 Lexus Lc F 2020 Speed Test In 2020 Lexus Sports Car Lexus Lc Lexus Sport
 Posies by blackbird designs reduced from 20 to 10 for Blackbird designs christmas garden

...

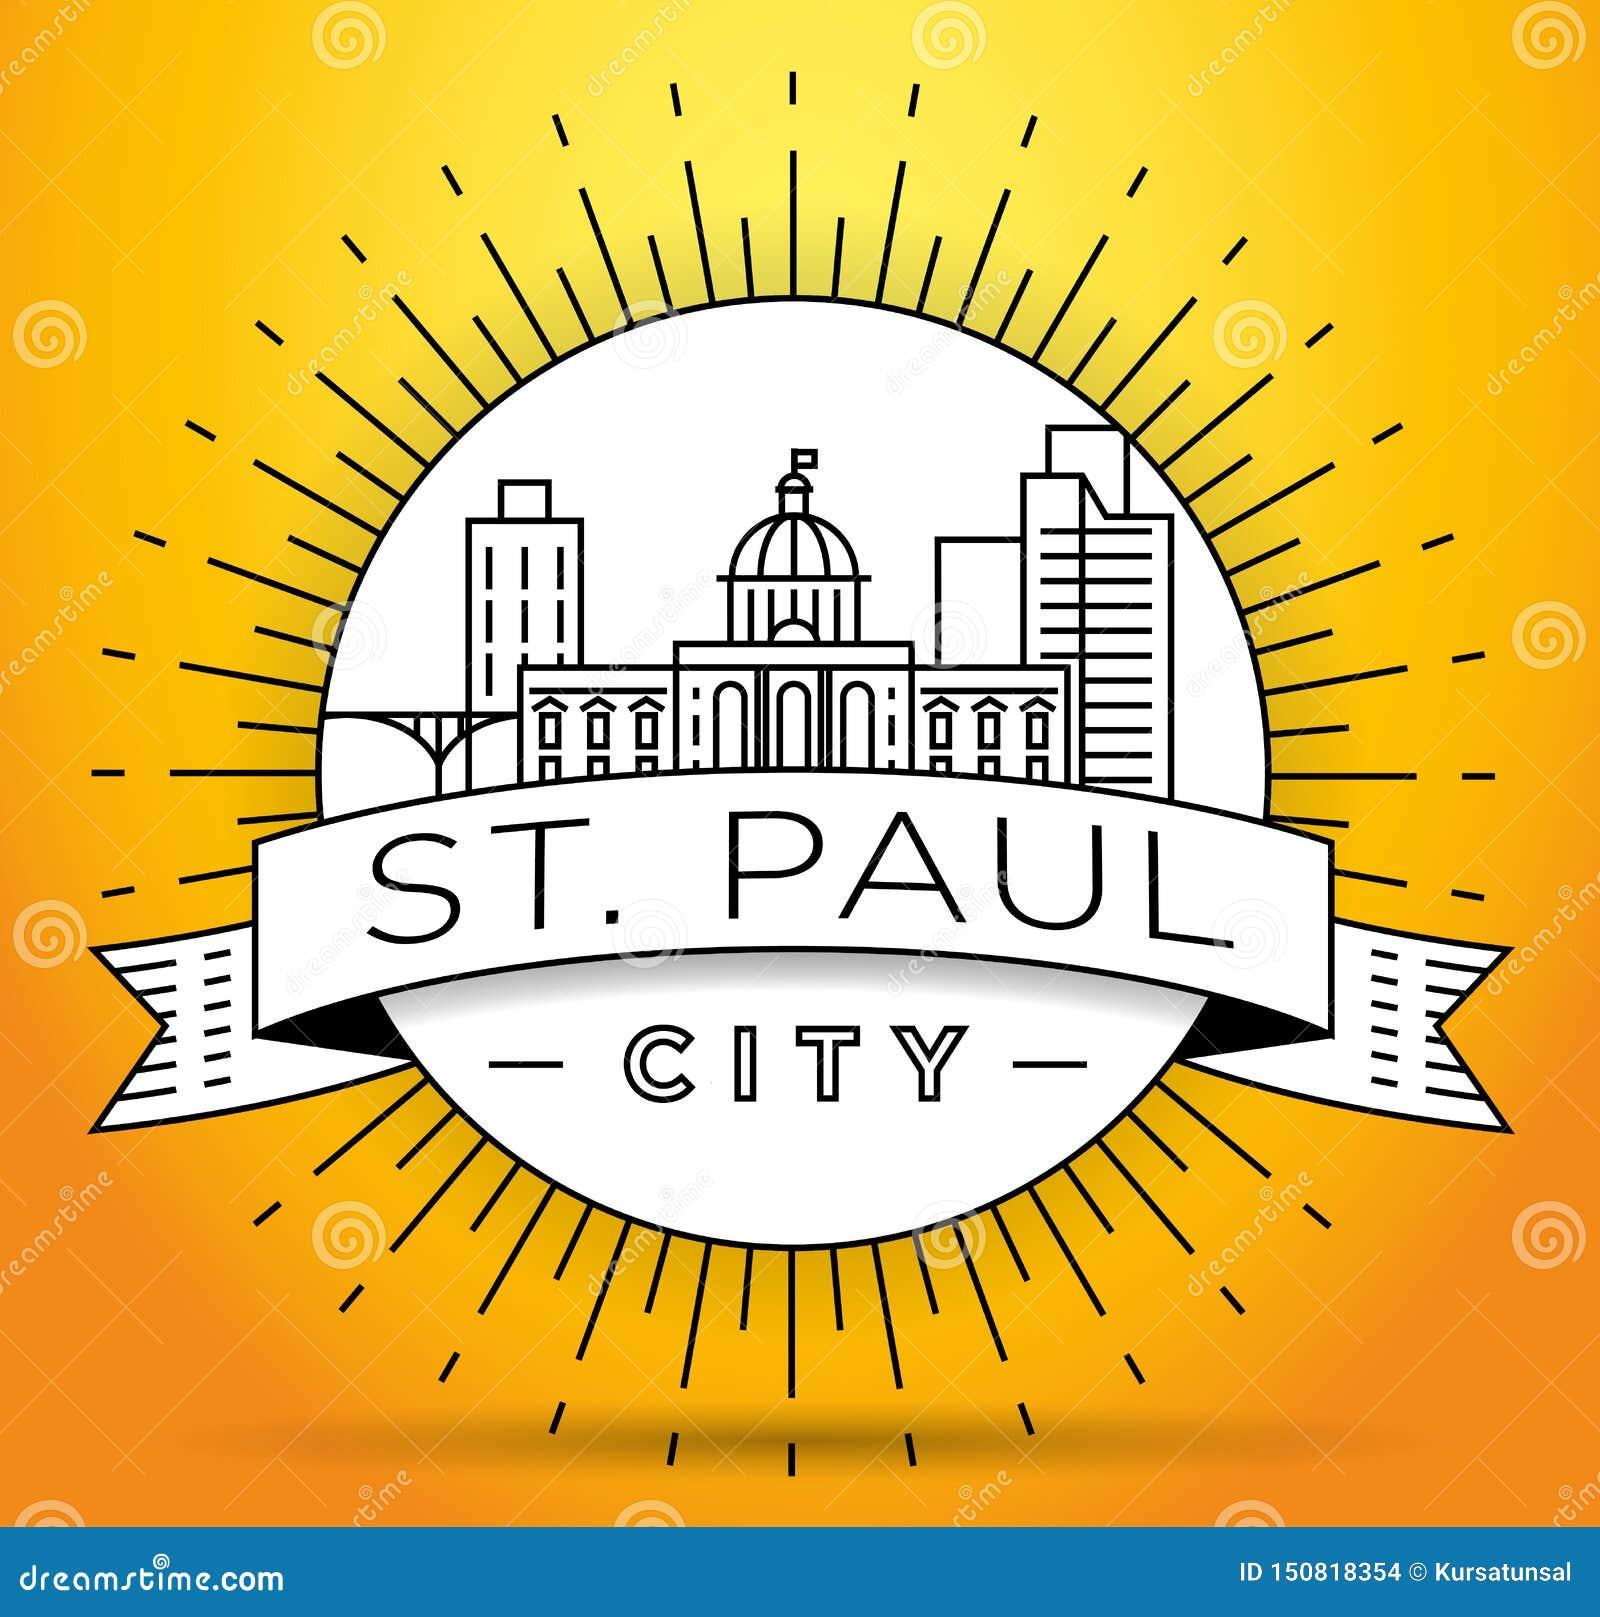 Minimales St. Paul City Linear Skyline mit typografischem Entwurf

▶ REQUIRED ACTION
Return, word for word, the lines of the data above from the line with "Lexus Lc F 2020" through the line with "Posies by blackbird", inclusive.

▶ RESPONSE TO THE EXERCISE
 Lexus Lc F 2020 Speed Test In 2020 Lexus Sports Car Lexus Lc Lexus Sport
 Posies by blackbird designs reduced from 20 to 10 for Blackbird designs christmas garden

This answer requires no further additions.